## What to work on:
Using the records below, copy exactly the part that opens with the line holding "Beano Book 2001 Annual" and closes with the line holding "Rif 2/579 L'Abbruzzi", minus the pictures.

## Task data:

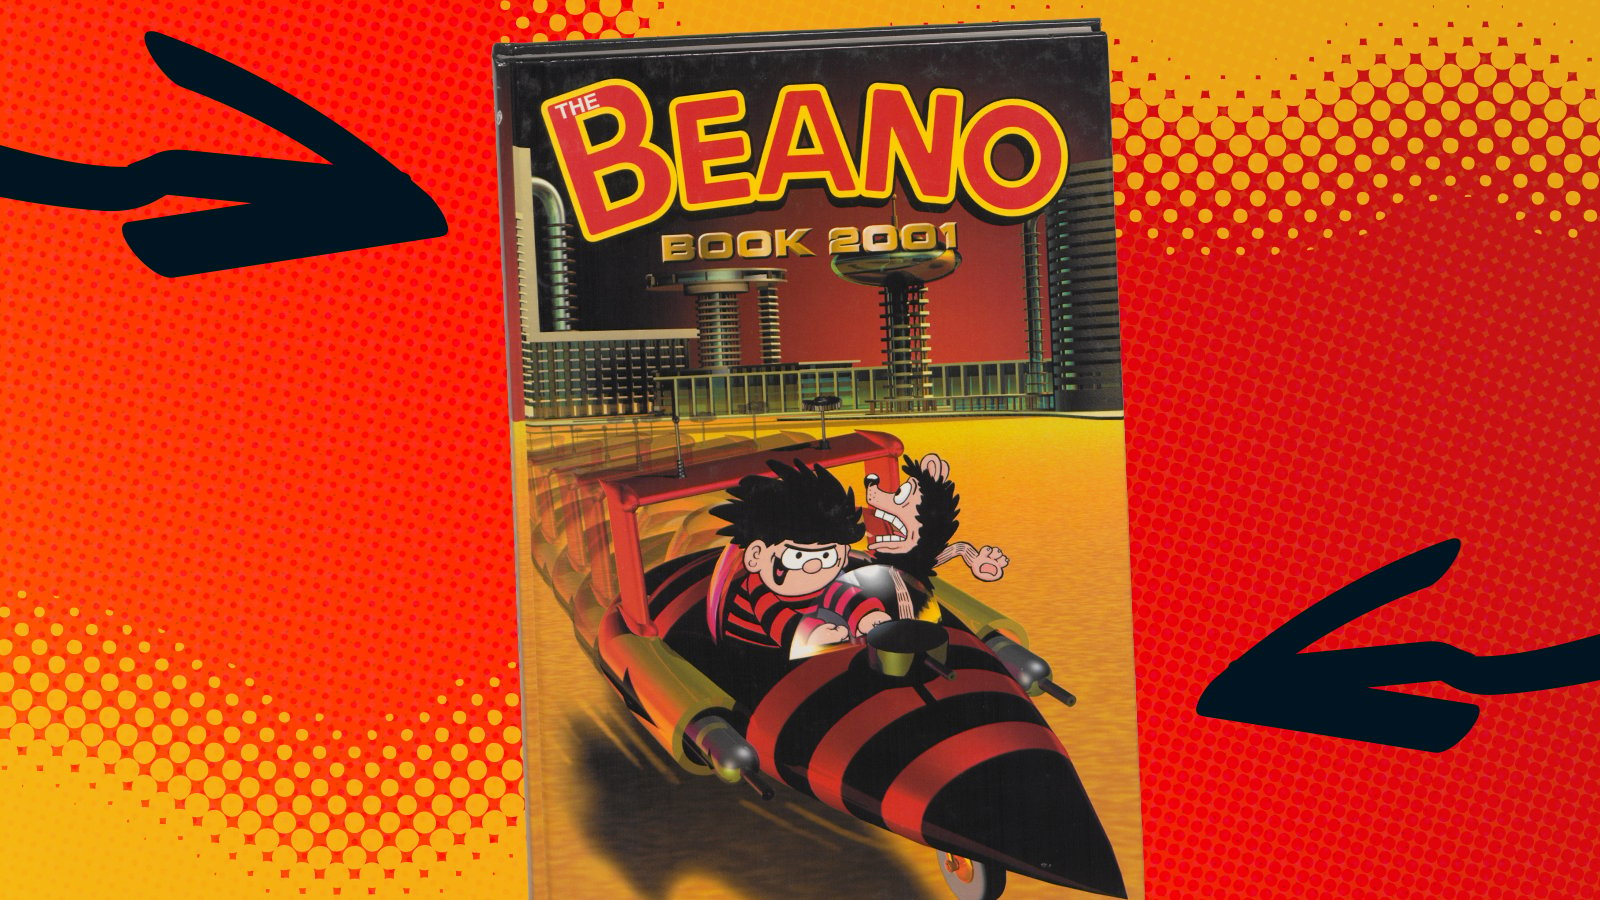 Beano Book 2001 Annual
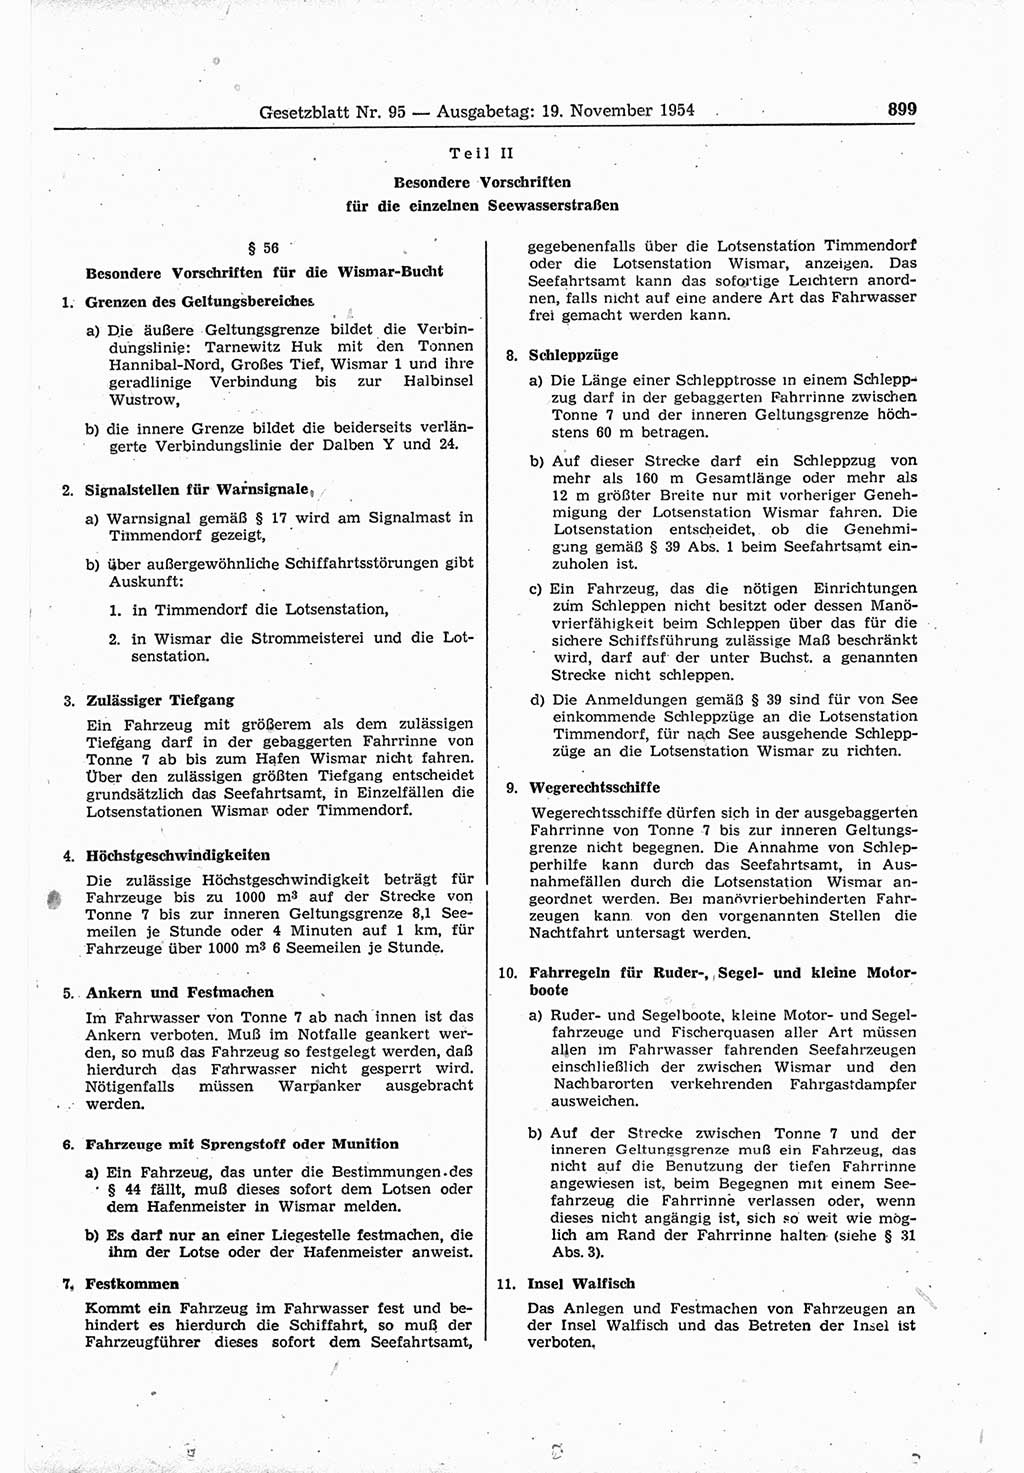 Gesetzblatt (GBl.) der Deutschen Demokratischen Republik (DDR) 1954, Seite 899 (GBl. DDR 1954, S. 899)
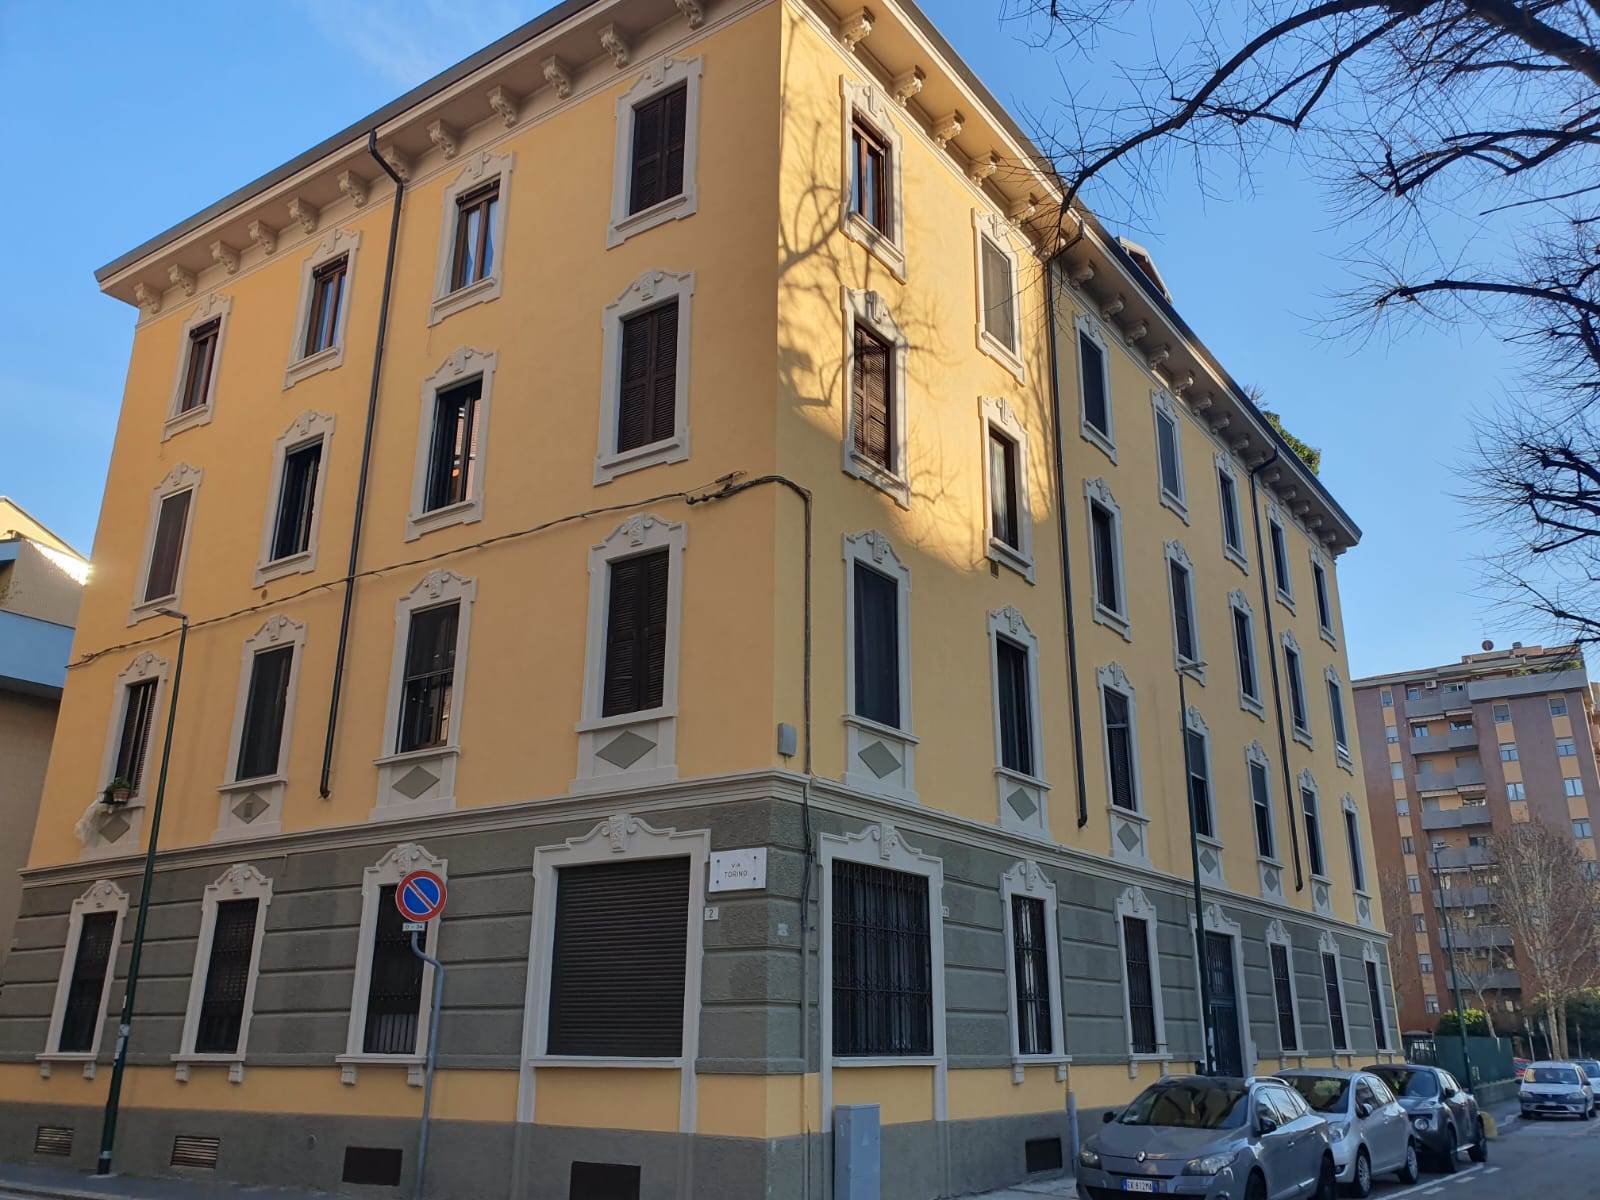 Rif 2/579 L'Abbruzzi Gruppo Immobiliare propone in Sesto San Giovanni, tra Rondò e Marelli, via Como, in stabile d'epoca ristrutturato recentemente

...

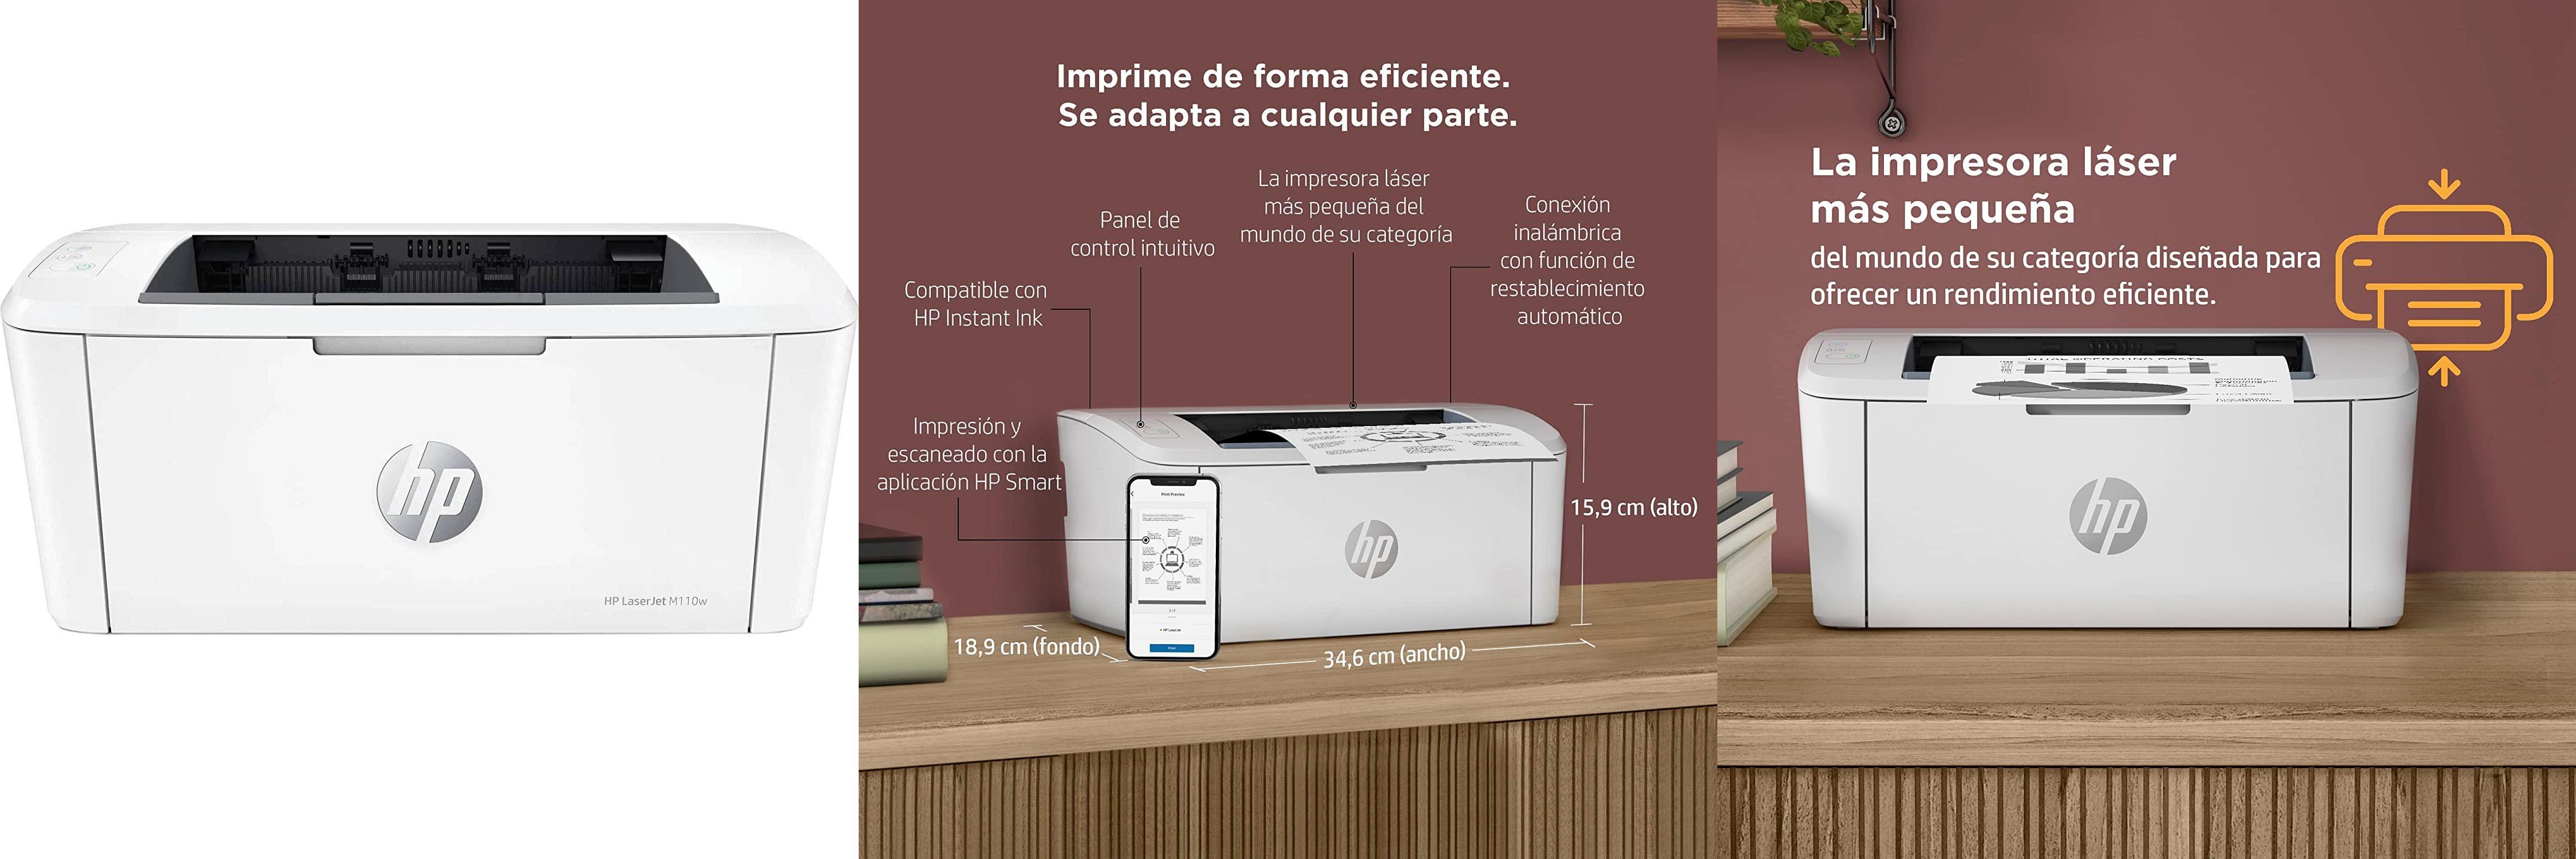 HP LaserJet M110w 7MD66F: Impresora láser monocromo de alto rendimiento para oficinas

## Solution to this problem:
 Beano Book 2001 Annual
 Gesetzblatt (GBl.) der Deutschen Demokratischen Republik (DDR) 1954, Seite 899 (GBl. DDR 1954, S. 899)
 Rif 2/579 L'Abbruzzi Gruppo Immobiliare propone in Sesto San Giovanni, tra Rondò e Marelli, via Como, in stabile d'epoca ristrutturato recentemente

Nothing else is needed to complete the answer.